INSTRUCTIONS TO FOLLOW
Look through the entries below and copy exactly the part that begins with the line containing "Screenshot for verkkosivukatsastus.fi" and ends with the line containing "Parisian Tall sweatpants". Do not copy the pictures.

RECORDED INFORMATION
=== Begin Enclosure ===

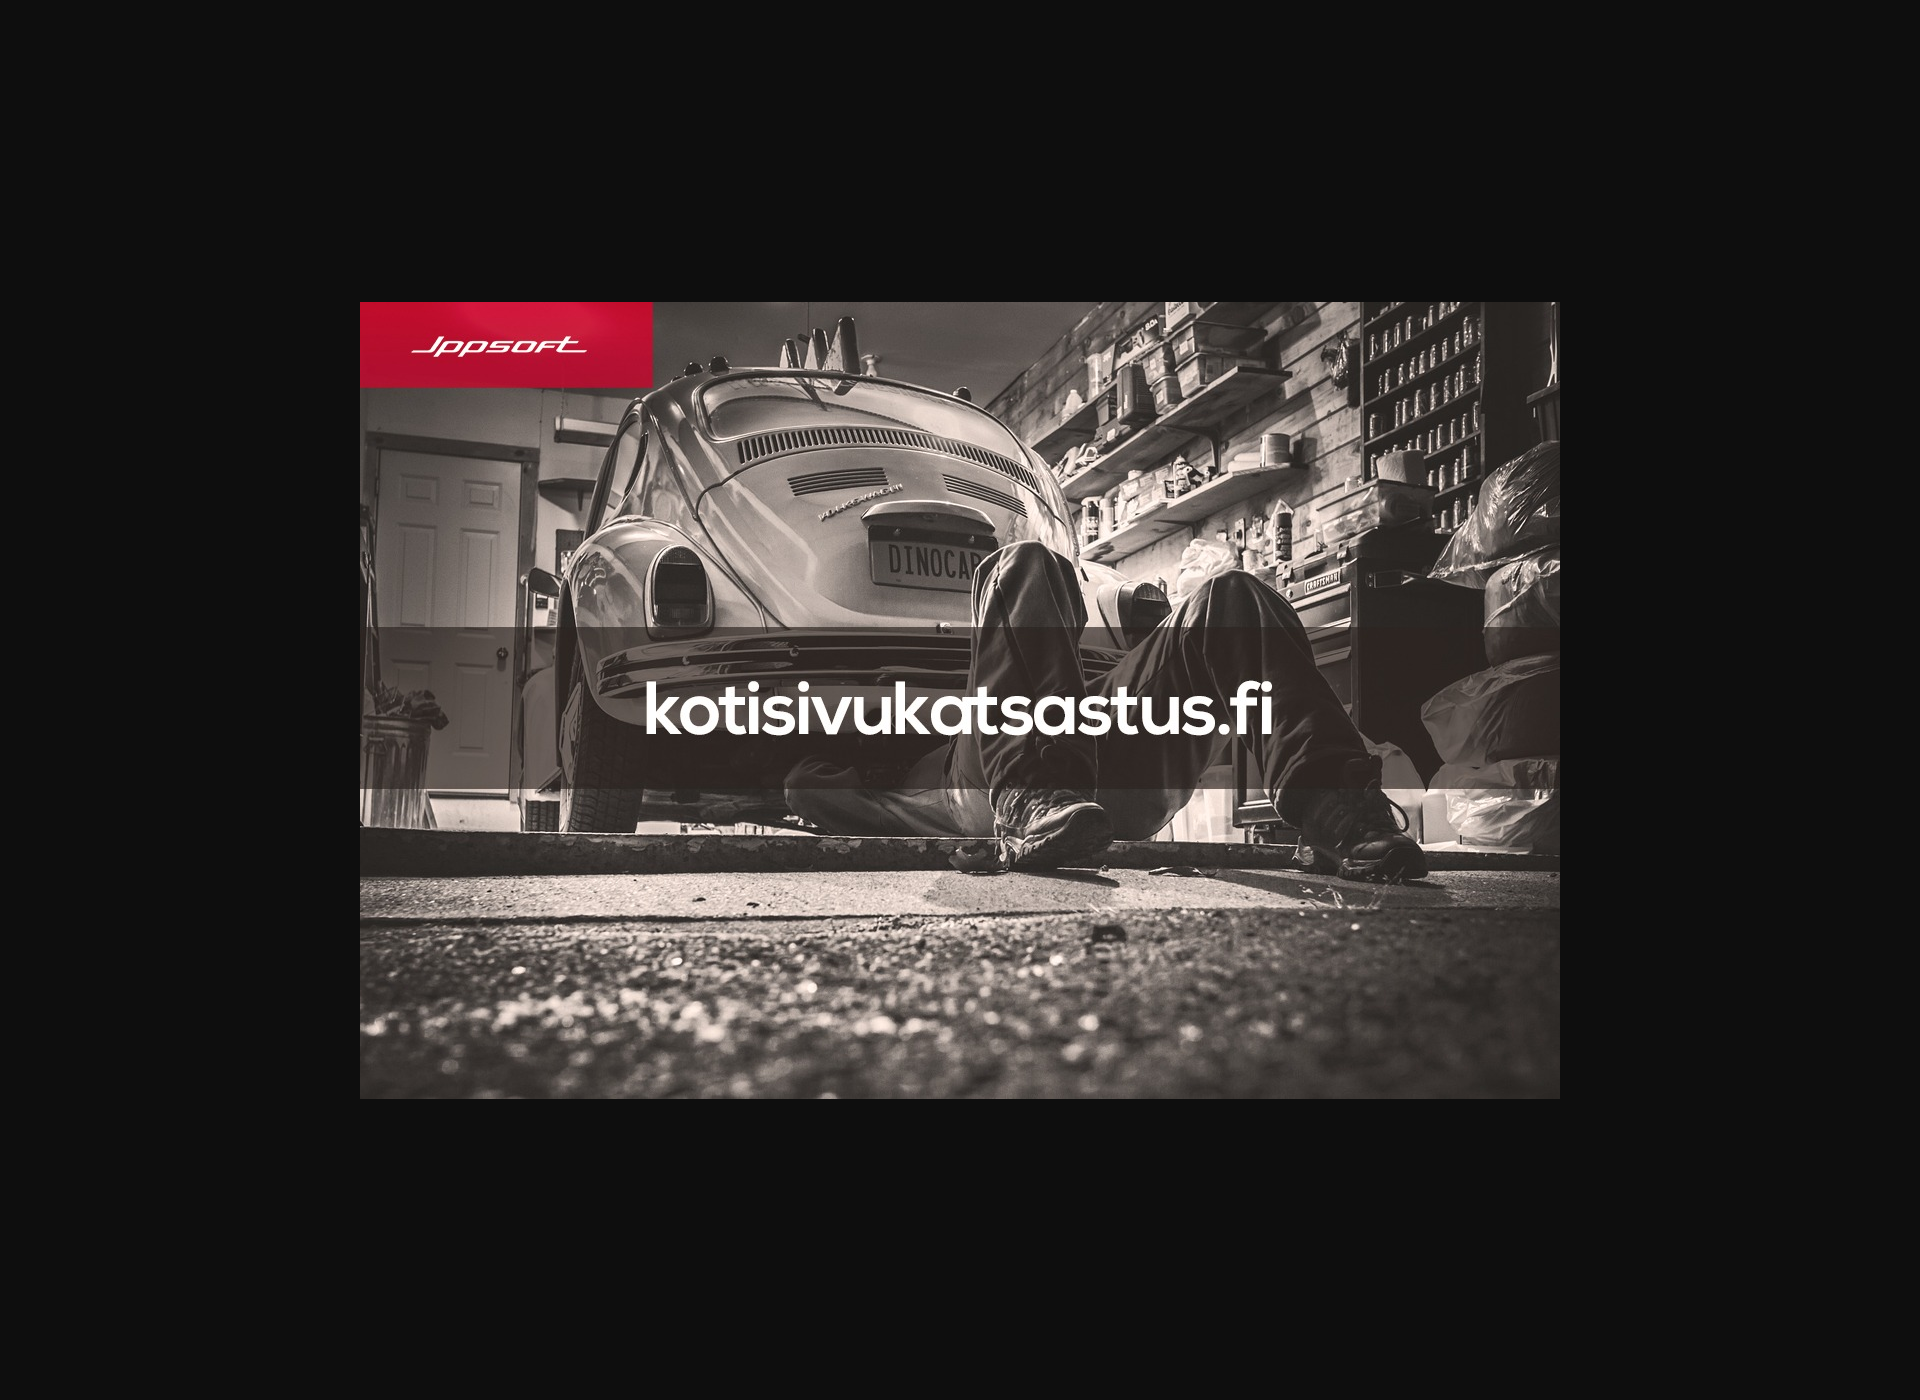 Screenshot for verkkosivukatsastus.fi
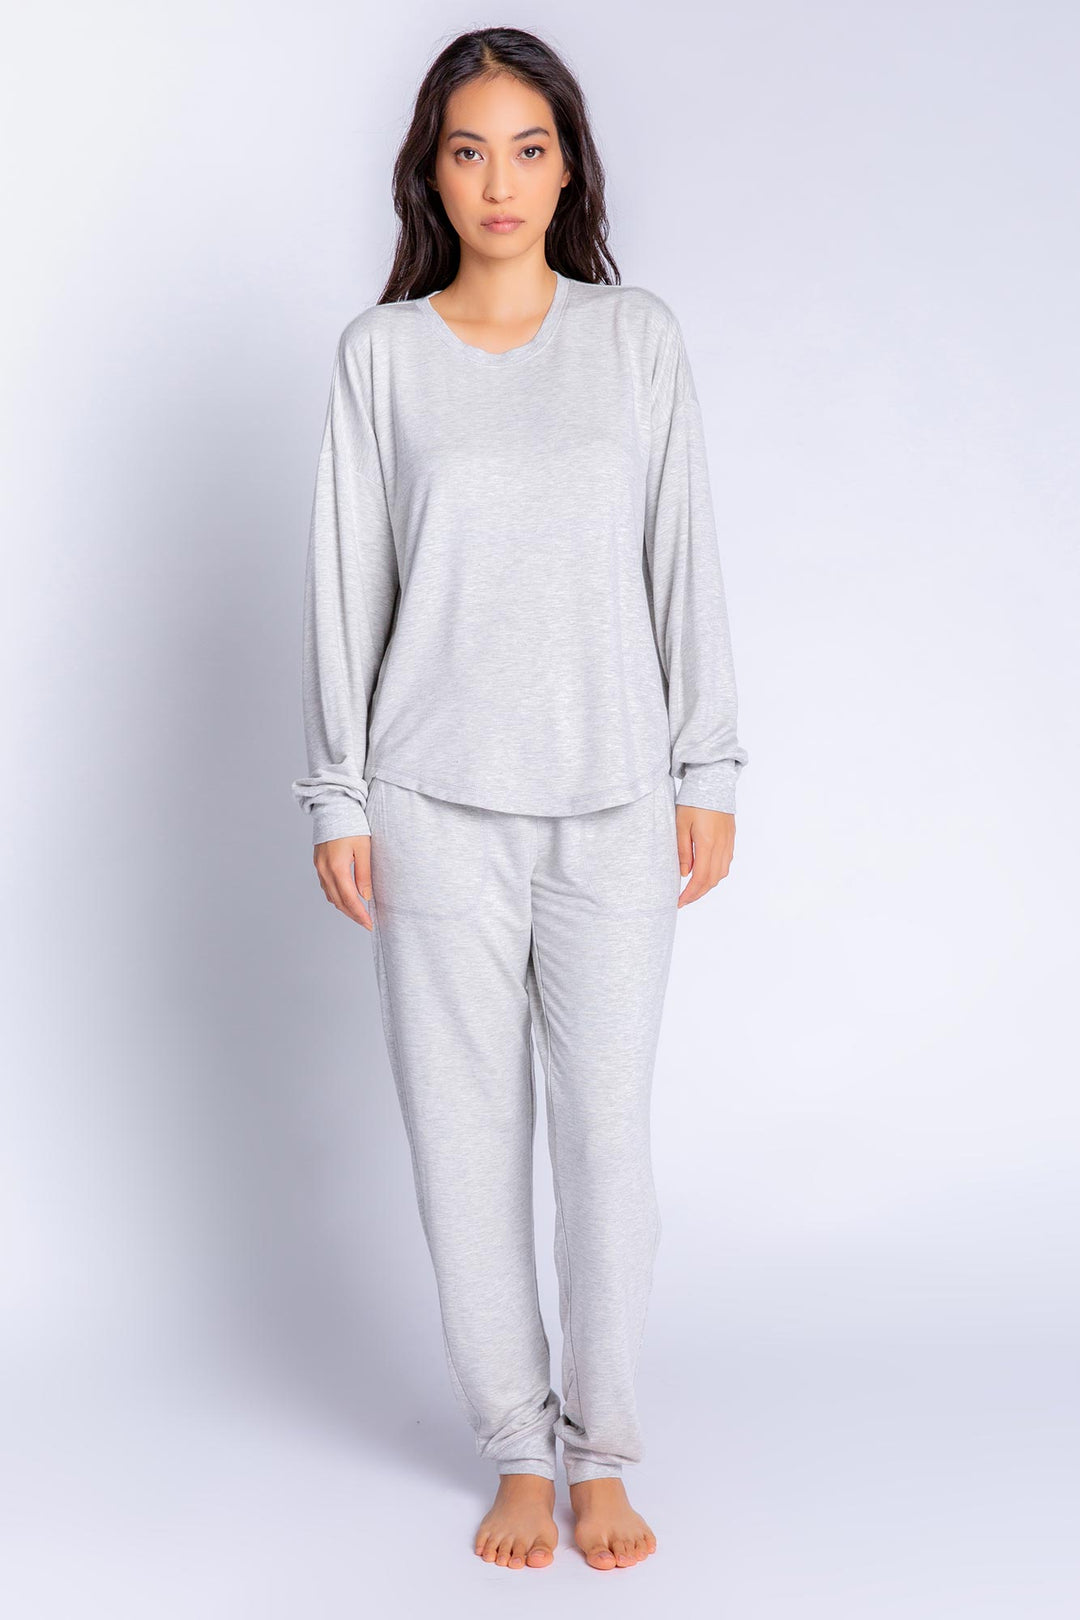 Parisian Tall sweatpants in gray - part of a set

=== End Enclosure ===
=== Begin Enclosure ===

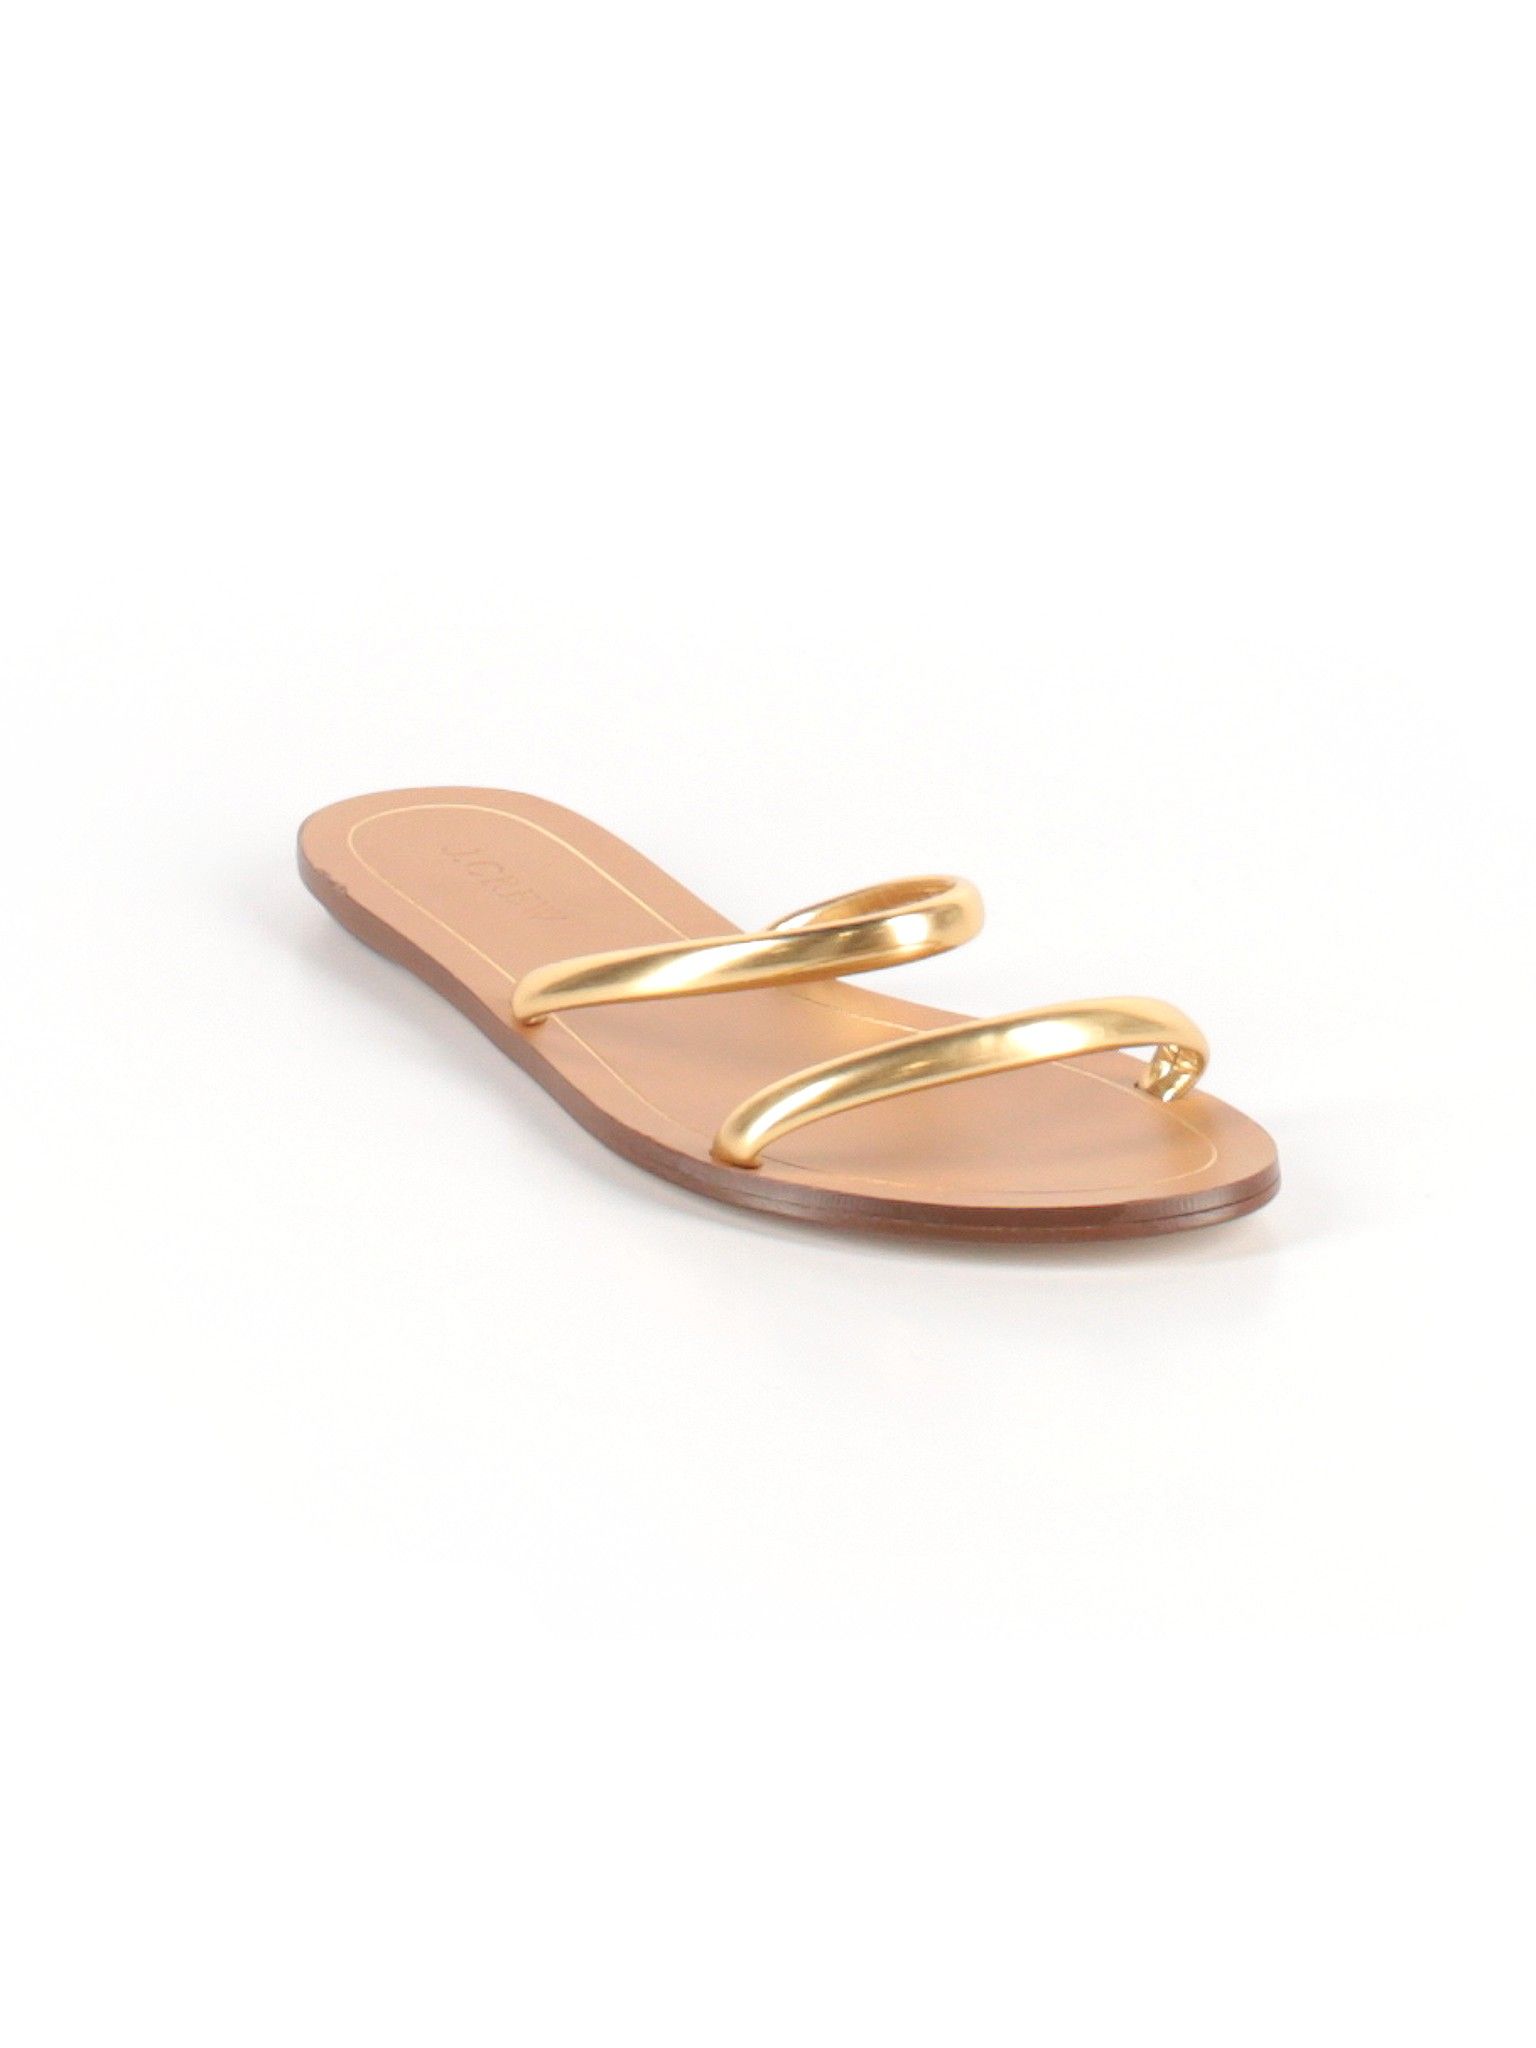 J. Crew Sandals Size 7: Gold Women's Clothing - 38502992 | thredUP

=== End Enclosure ===

ANSWER TO THE EXERCISE
 Screenshot for verkkosivukatsastus.fi
 Parisian Tall sweatpants in gray - part of a set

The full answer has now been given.